__THE INPUT__:
--- START ---

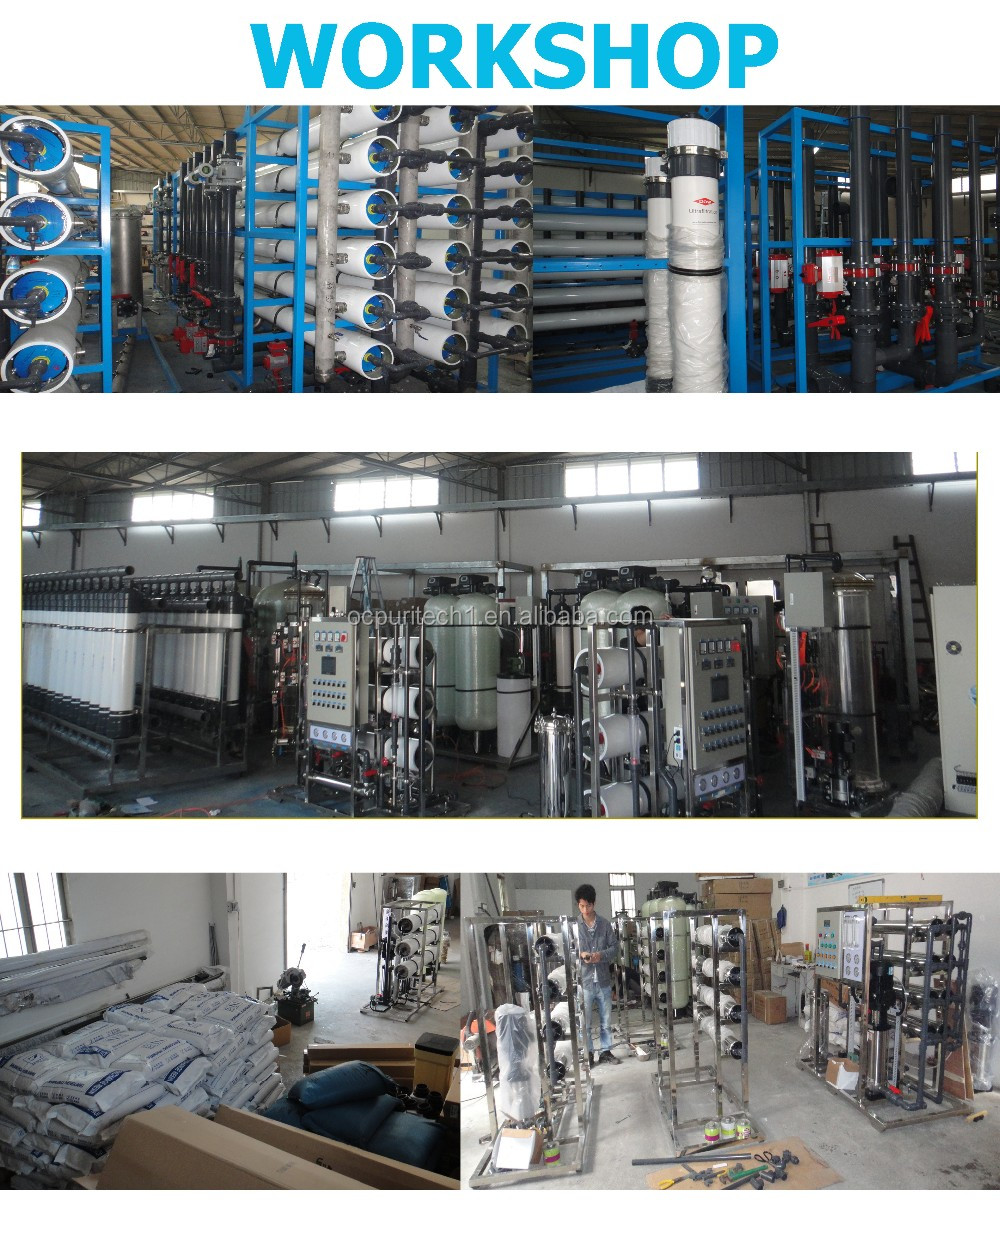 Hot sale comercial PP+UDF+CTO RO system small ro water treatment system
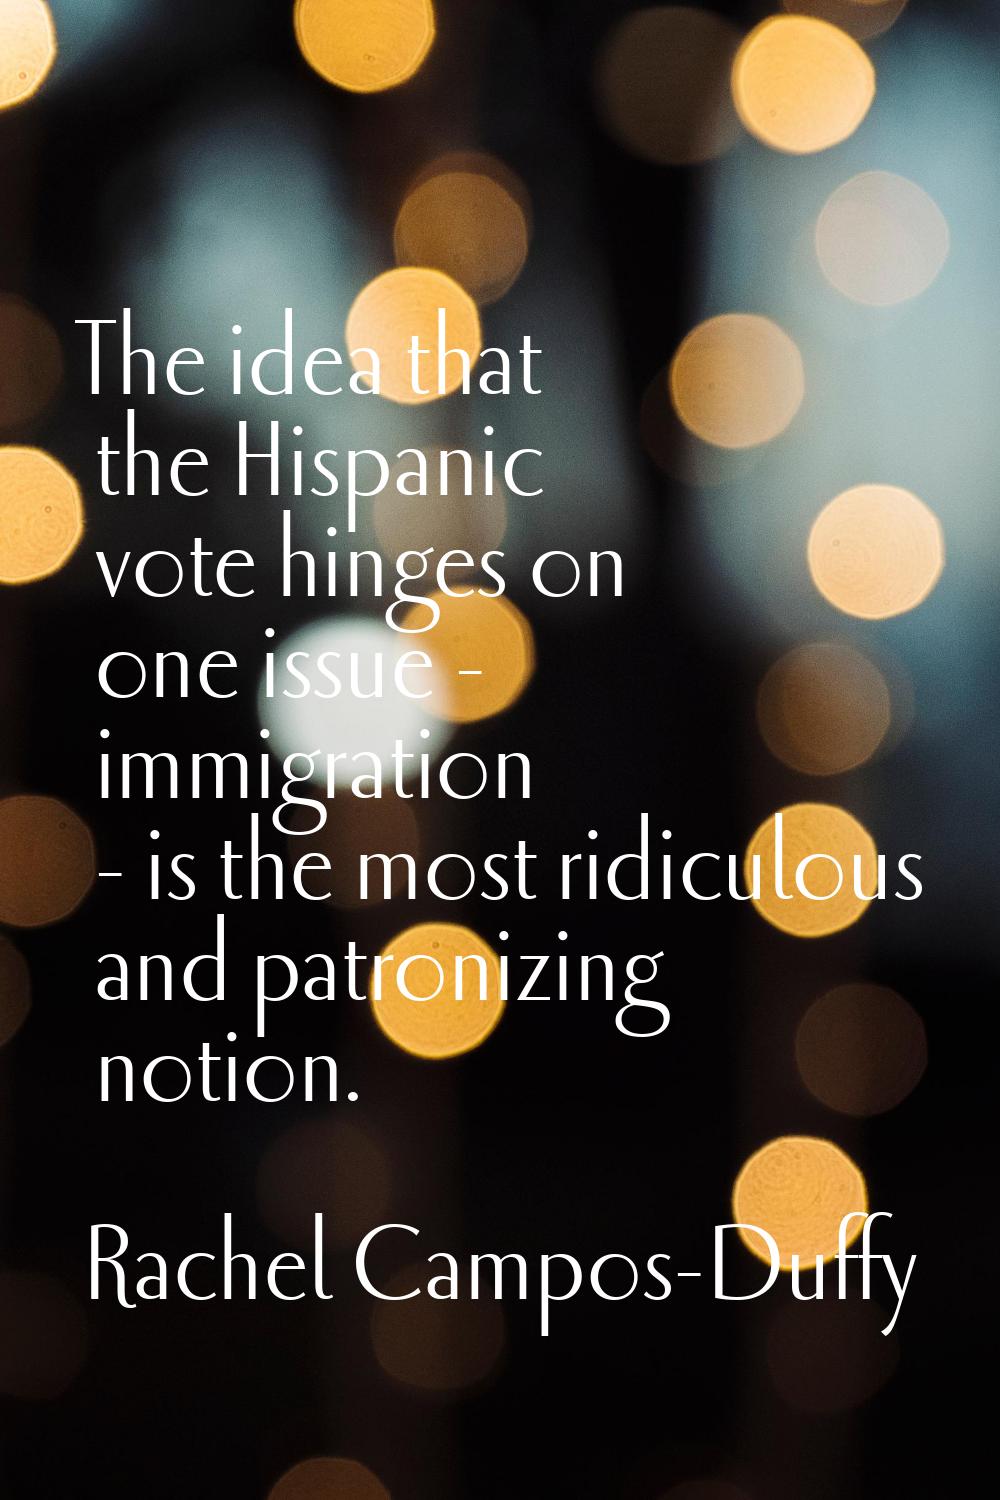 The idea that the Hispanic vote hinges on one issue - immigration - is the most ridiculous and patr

--- END ---
--- START ---

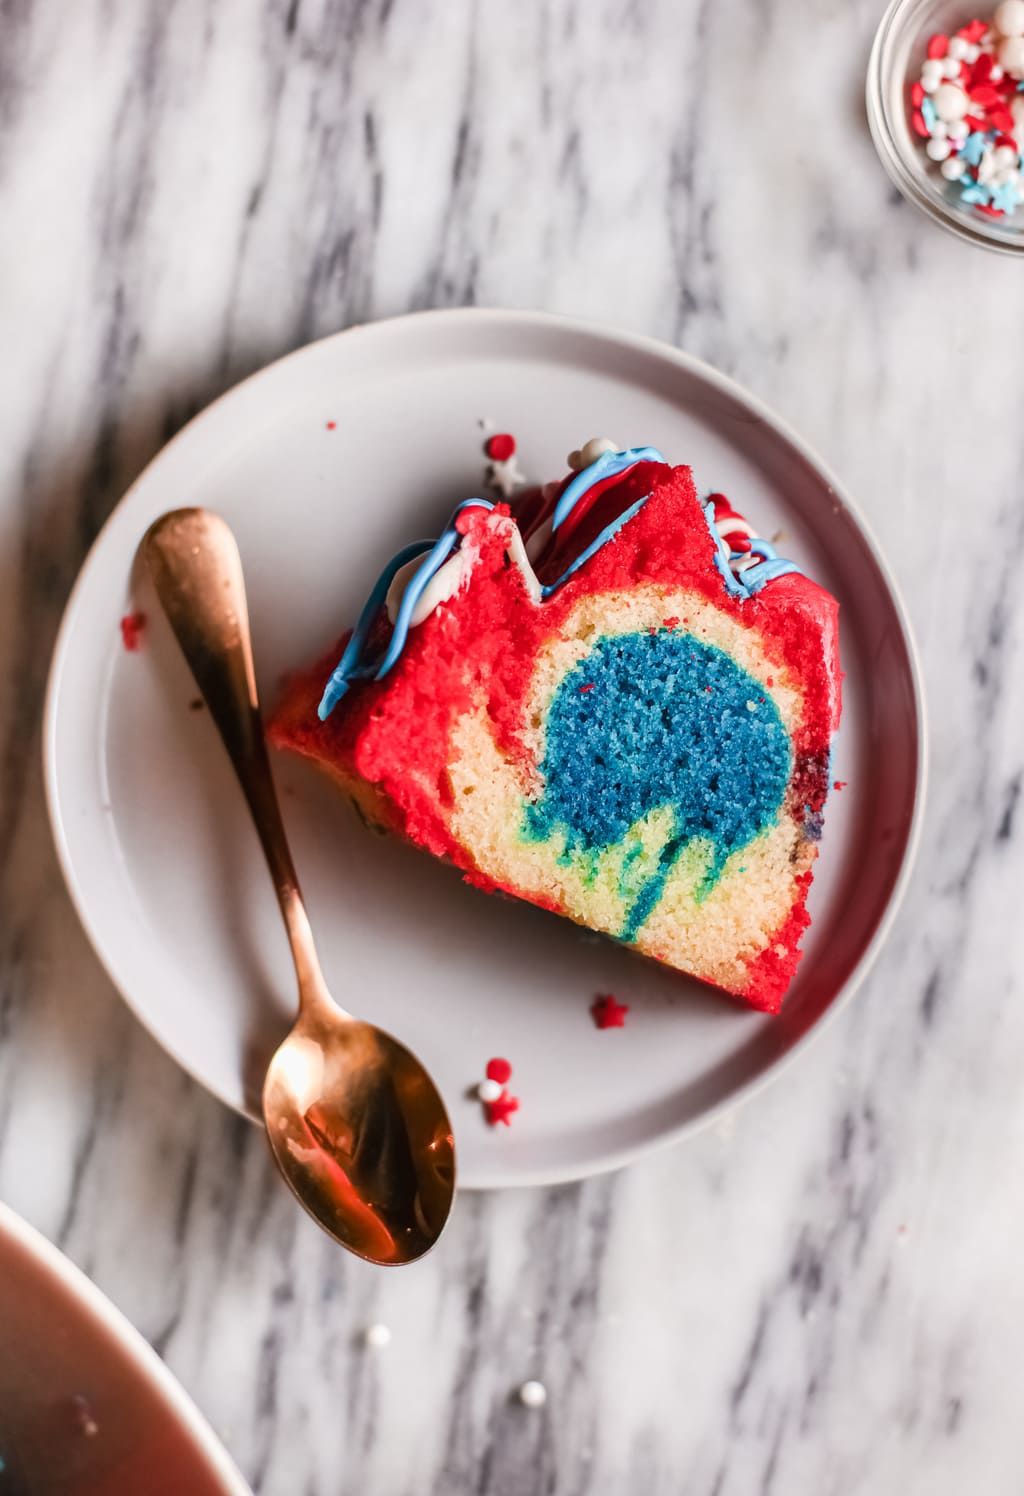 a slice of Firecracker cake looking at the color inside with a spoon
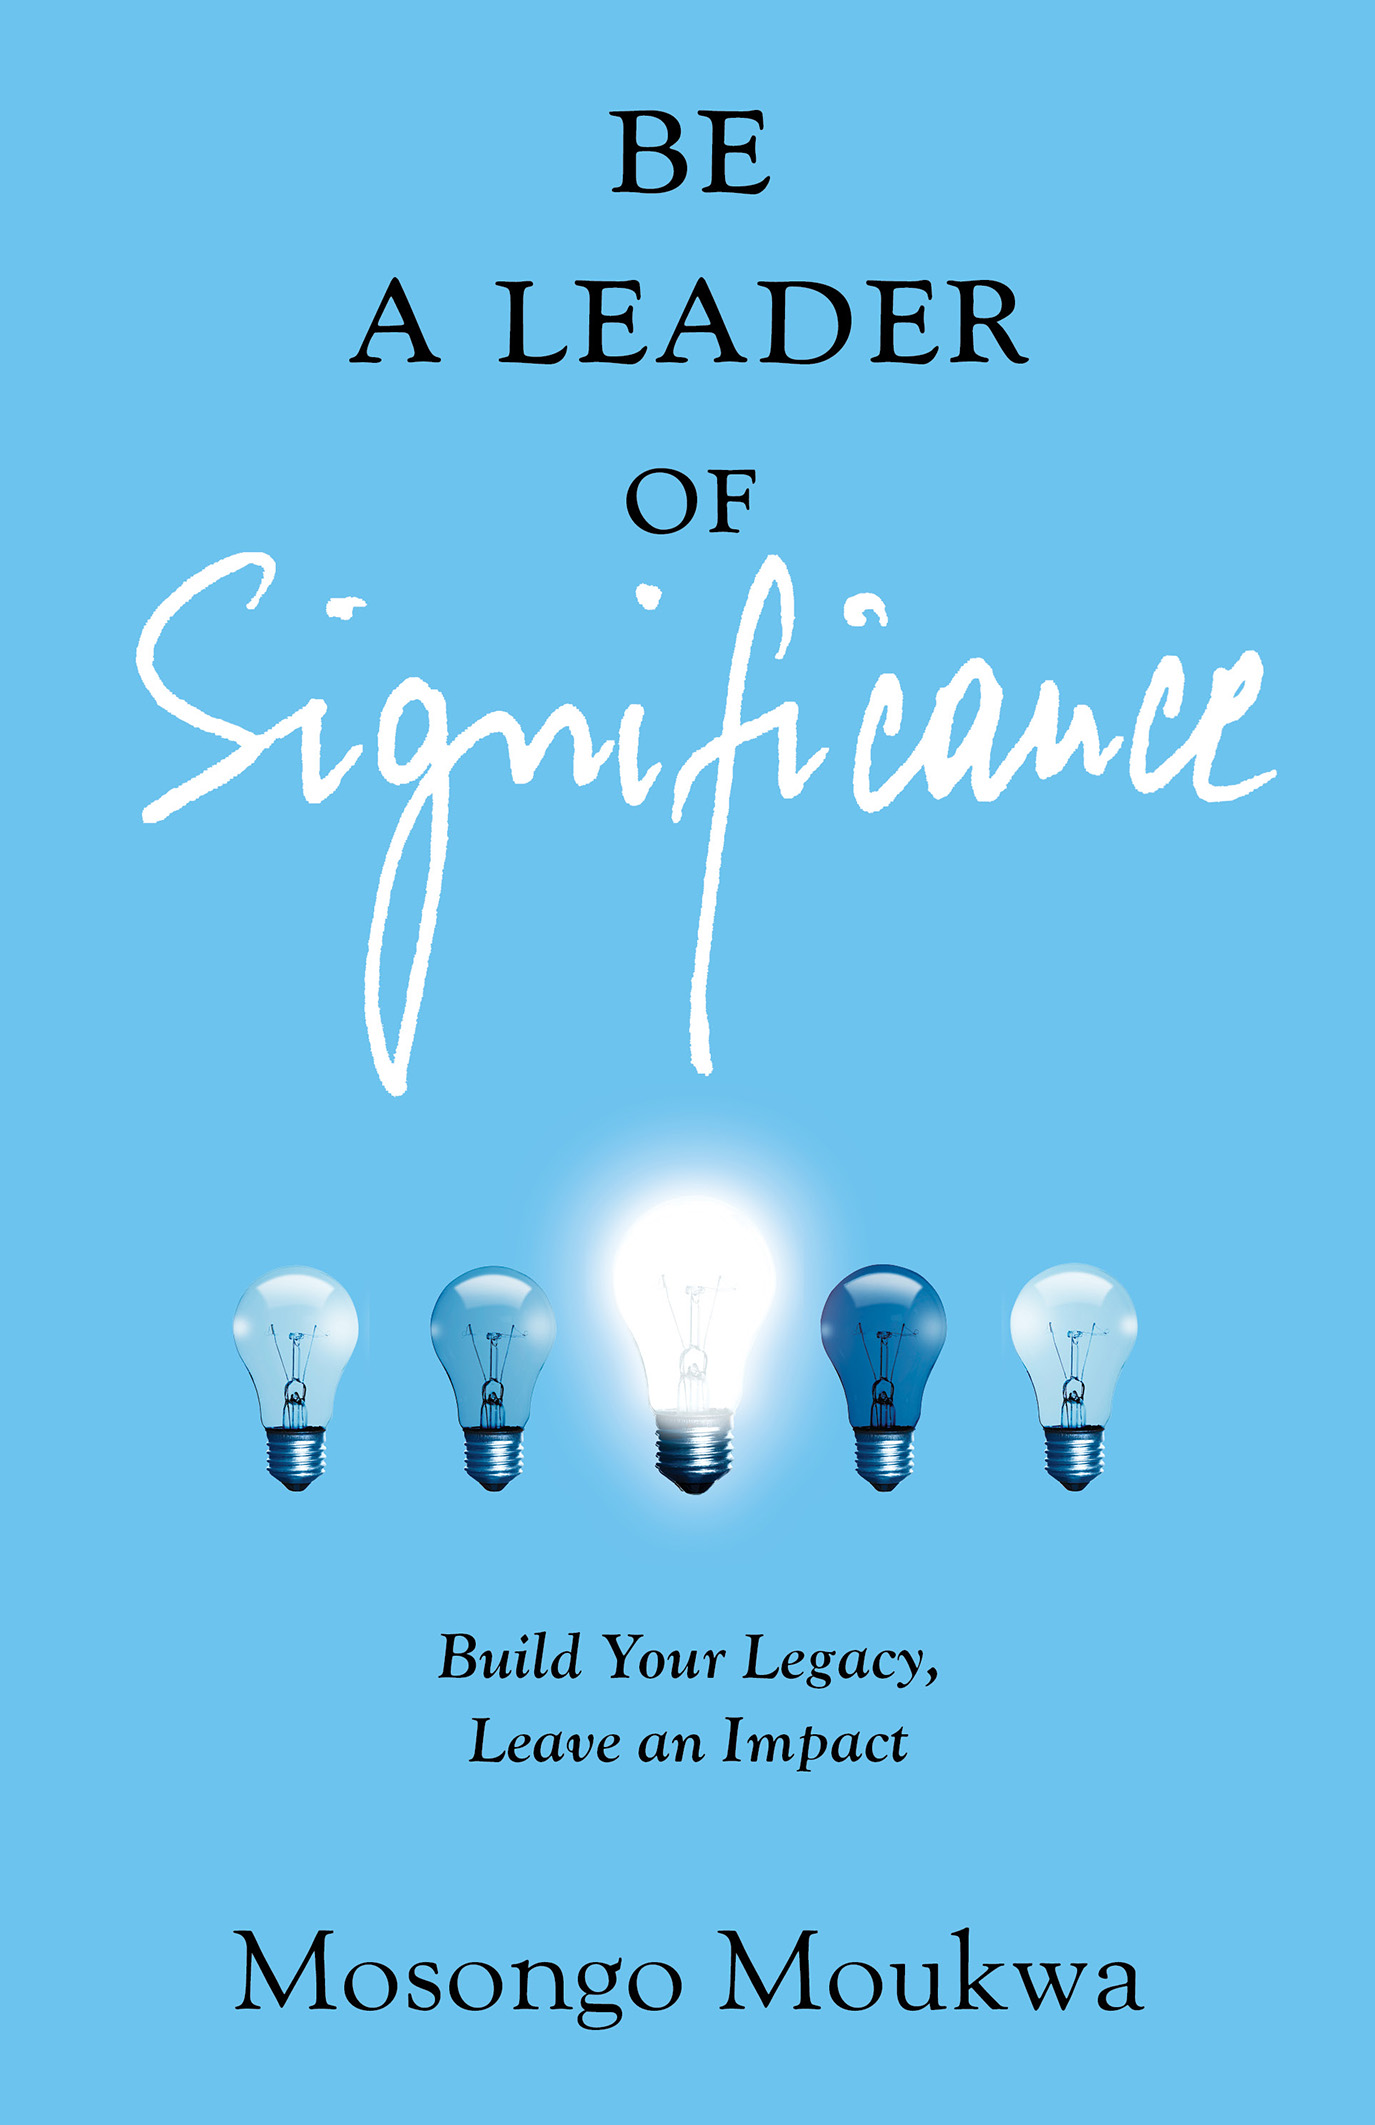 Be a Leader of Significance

--- END ---
--- START ---

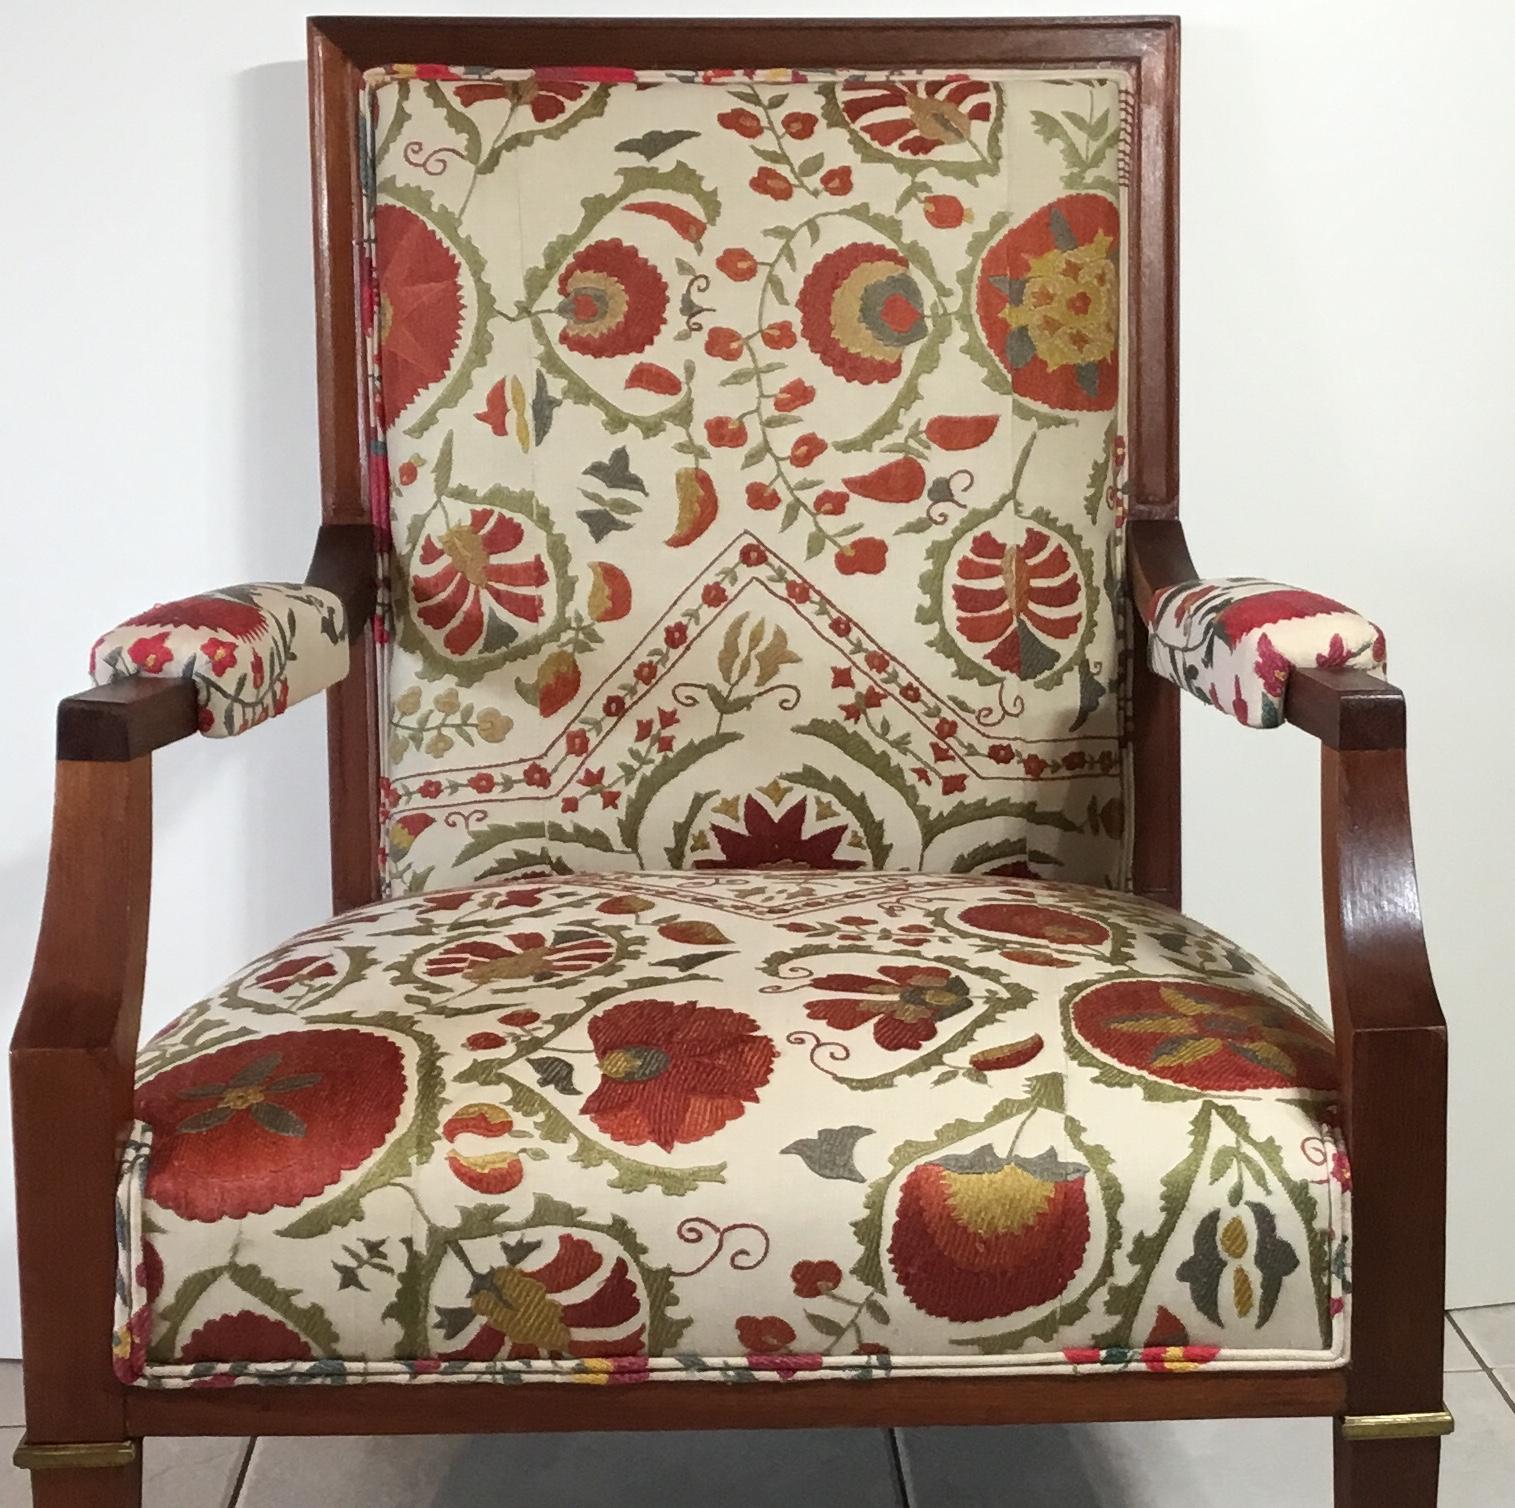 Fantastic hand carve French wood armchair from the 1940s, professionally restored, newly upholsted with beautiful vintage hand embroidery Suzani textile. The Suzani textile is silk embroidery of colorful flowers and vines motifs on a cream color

--- END ---

__YOUR GOAL__:
Within the entries above, give again exactly the lines starting at the one that contains "a slice of Firecracker" and ending at the one that contains "Be a Leader of Significance", leaving out the pictures.

__COMPLETED TASK__:
 a slice of Firecracker cake looking at the color inside with a spoon
 Be a Leader of Significance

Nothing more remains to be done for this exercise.